The US presidency has not always been held by men of distinction and honour, but Donald Trump is by some distance its least qualified occupant. The leader of the world’s sole superpower has no record of political or military service and is ignorant of foreign affairs. Throughout his campaign, he repeatedly showed himself to be a racist, a misogynist, a braggart and a narcissist.

The naive hope that Mr Trump’s victory would herald a great moderation was dispelled by his conduct during the transition. He compared his country’s intelligence services to those of Nazi Germany and repeatedly denied Russian interference in the election. He derided Nato as “obsolete” and predicted the demise of the European Union. He reaffirmed his commitment to dismantling Obamacare and to overturning Roe v Wade. He doled out jobs to white nationalists, protectionists and family members. He denounced US citizens for demonstrating against him. Asked whether he regretted any part of his vulgar campaign, he replied: “No, I won.”

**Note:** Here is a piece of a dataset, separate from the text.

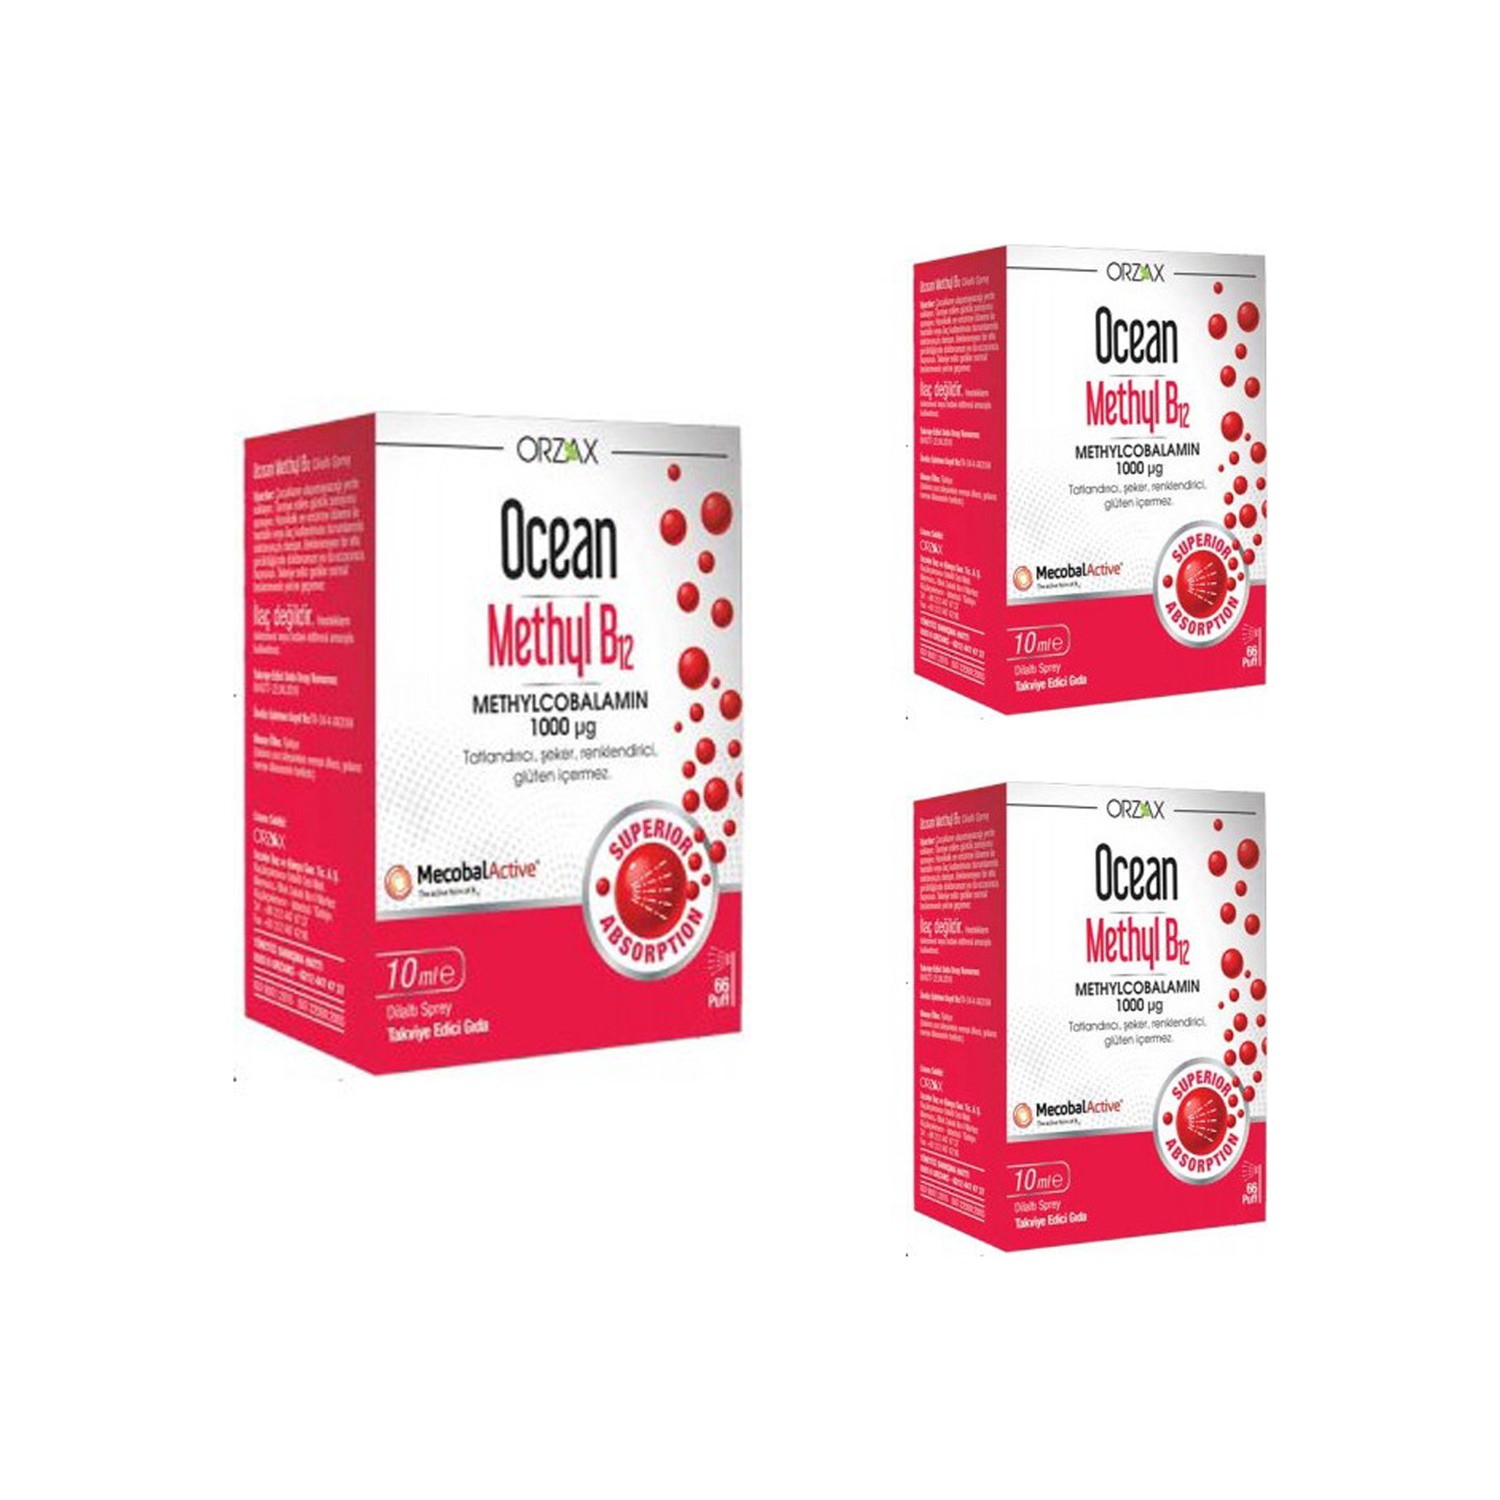 спрей orzax ocean methyl b12 1000 мкг 5 упаковок по 10 мл Спрей Orzax Ocean Methyl B12 1000 мкг, 3 упаковки по 10 мл

Of all his predilections, Mr Trump’s affection for Vladimir Putin is perhaps the most troubling. When the 2012 Republican presidential nominee, Mitt Romney, warned that Russia was the “number one geopolitical foe” of the US, he was mocked by Barack Obama. Yet his remark proved prescient. Rather than regarding Mr Putin as a foe, however, Mr Trump fetes him as a friend. The Russian president aims to use the US president’s goodwill to secure the removal of American sanctions, recognition of Russia’s annexation of Crimea and respect for the murderous reign of the Syrian president, Bashar al-Assad. He has a worryingly high chance of success.

Whether or not Mr Trump has personal motives for his fealty (as a lurid security dossier alleges), he and Mr Putin share a political outlook. Both men desire a world in which “strongmen” are free to abuse their citizens’ human rights without fear of external rebuke. Mr Trump’s refusal to commit to Nato’s principle of collective defence provides Mr Putin with every incentive to pursue his expansionist desires. The historic achievement of peace and stability in eastern Europe is in danger.

As he seeks reconciliation with Russia, Mr Trump is simultaneously pursuing conflict with China. He broke with precedent by speaking on the telephone with the Taiwanese president, Tsai Ing-wen, and used Twitter to berate the Chinese government. Rex Tillerson, Mr Trump’s secretary of state nominee, has threatened an American blockade of the South China Sea islands.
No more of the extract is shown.